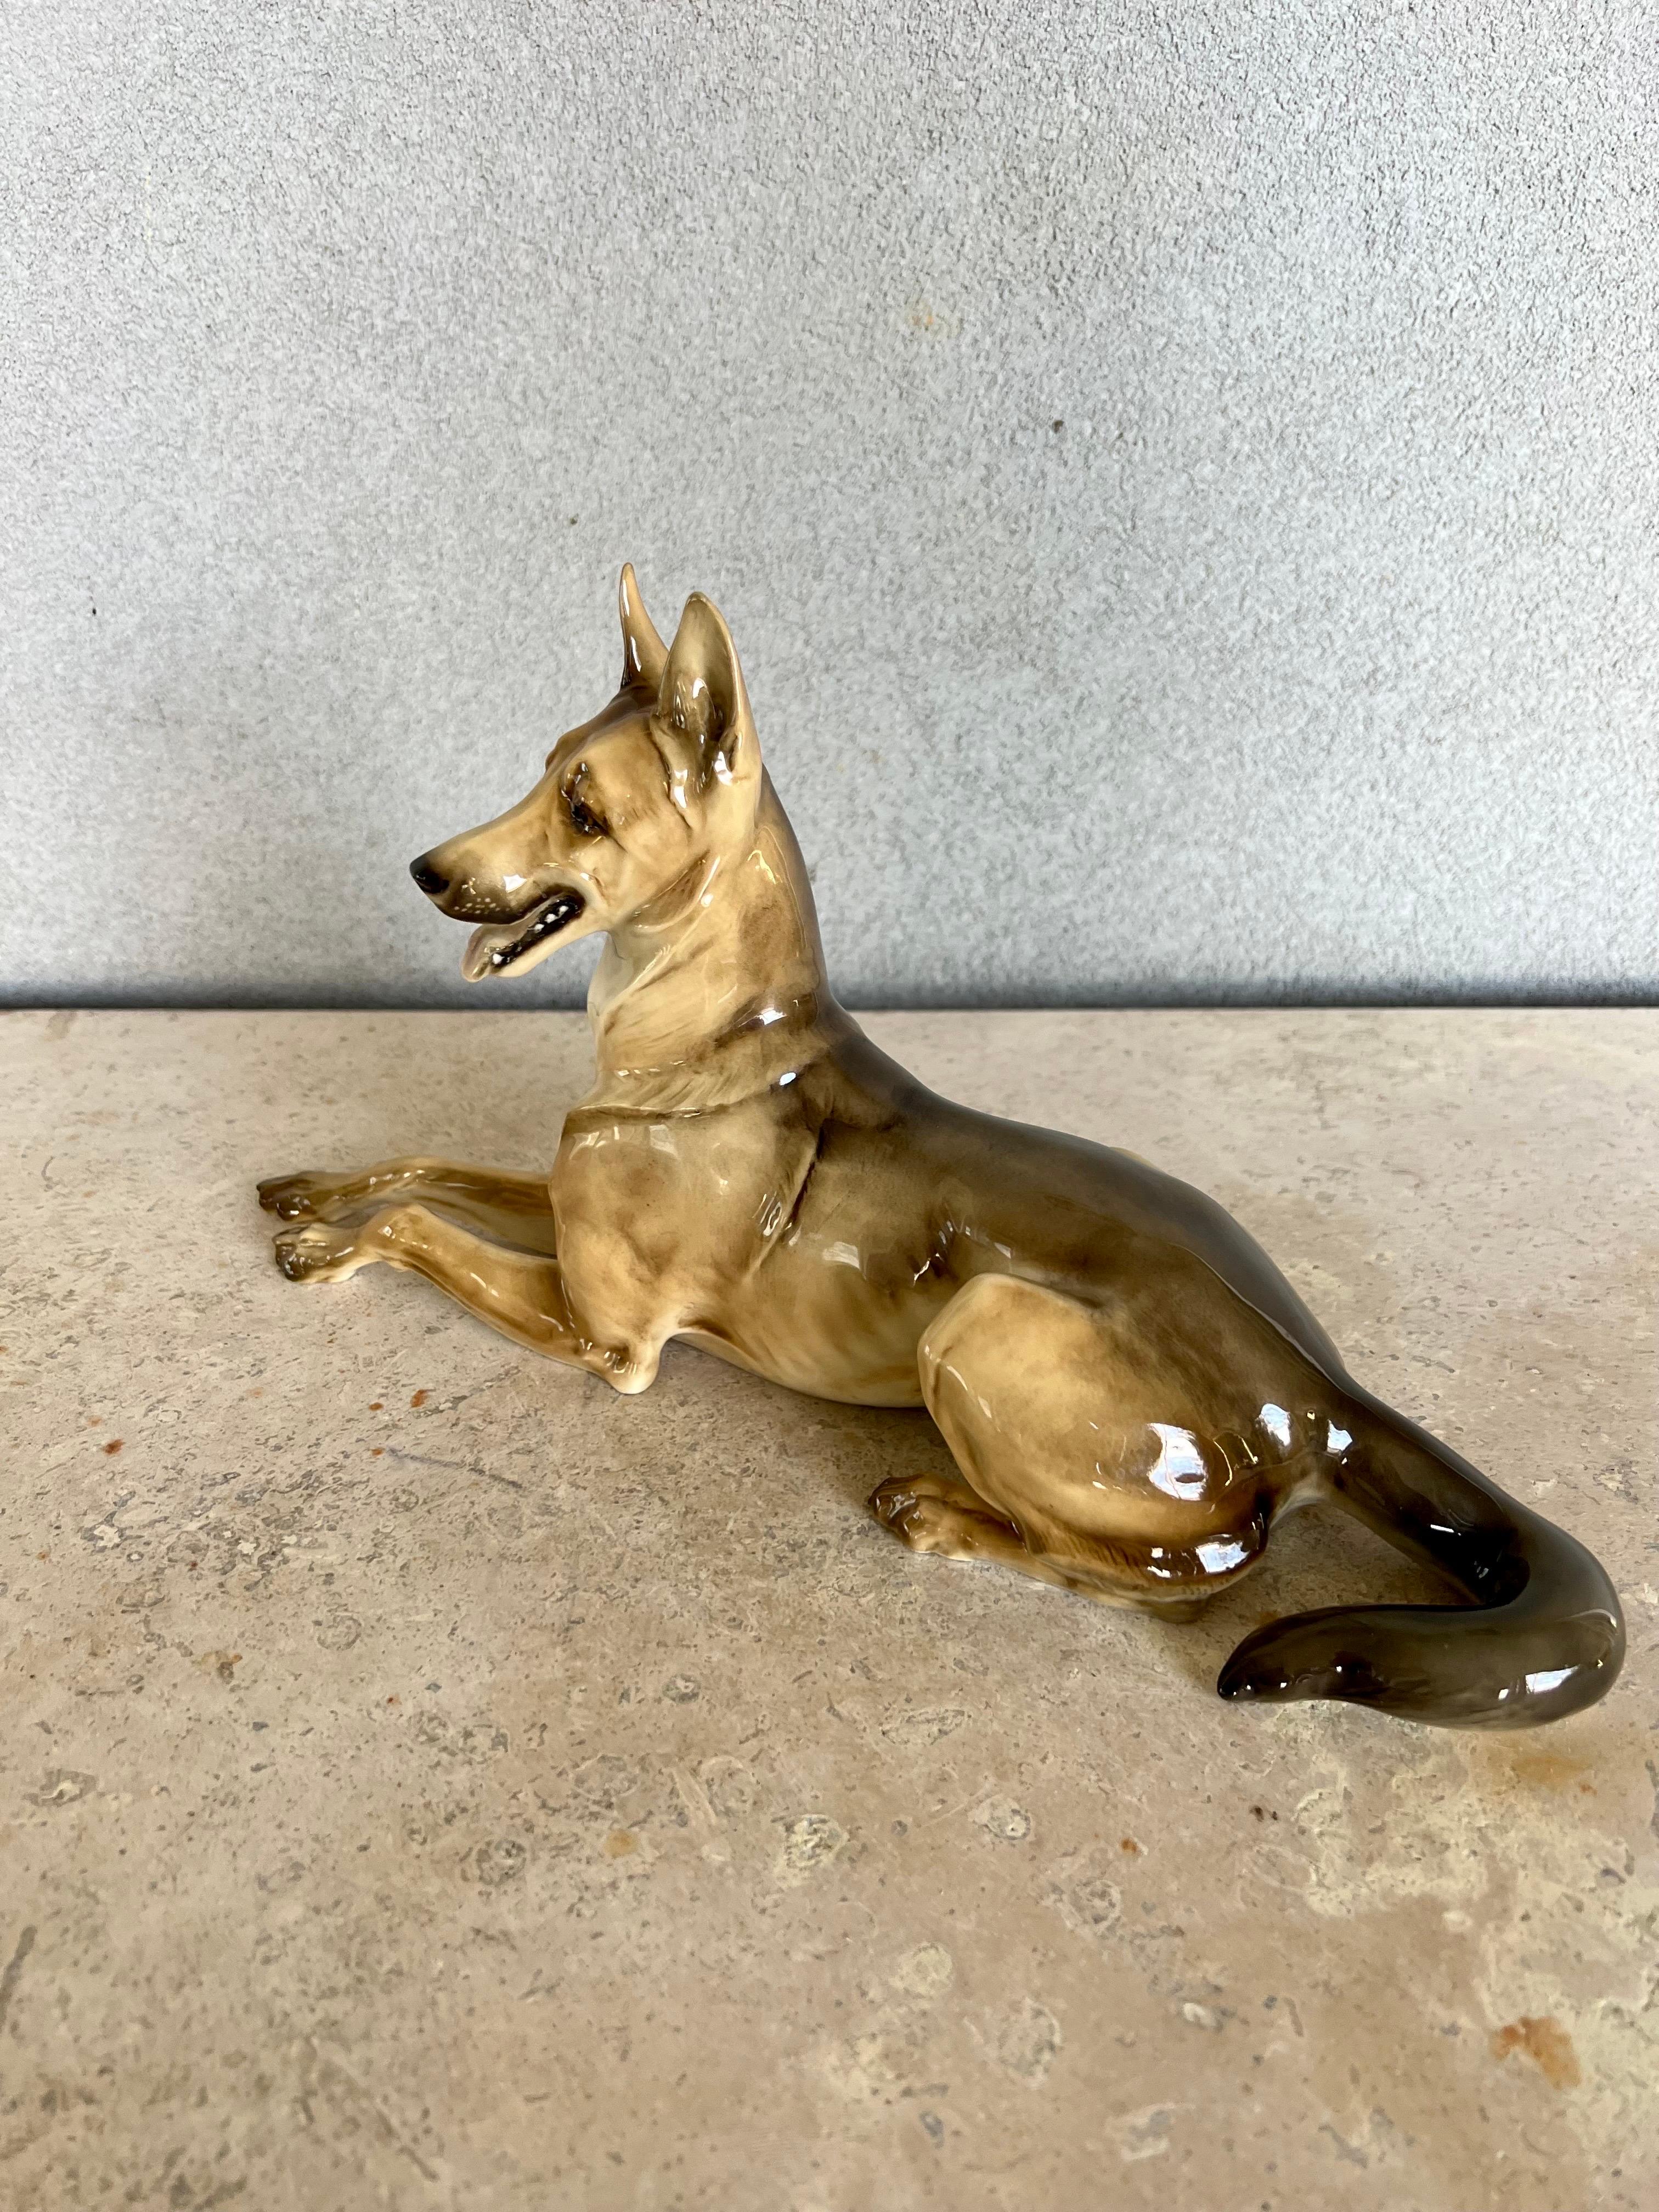 Exquisite porcelain German Shepherd Dog, hand-Painted, very detailed. 
has a glazed finished that gives the dog a very beautiful and sharp look.
Has manufacturer stamp on bottom.

» **Exercise**:
Your answer must contain the full data, repeated exactly, without pictures.

» **Solution to the exercise**:
 Exquisite porcelain German Shepherd Dog, hand-Painted, very detailed. 
has a glazed finished that gives the dog a very beautiful and sharp look.
Has manufacturer stamp on bottom.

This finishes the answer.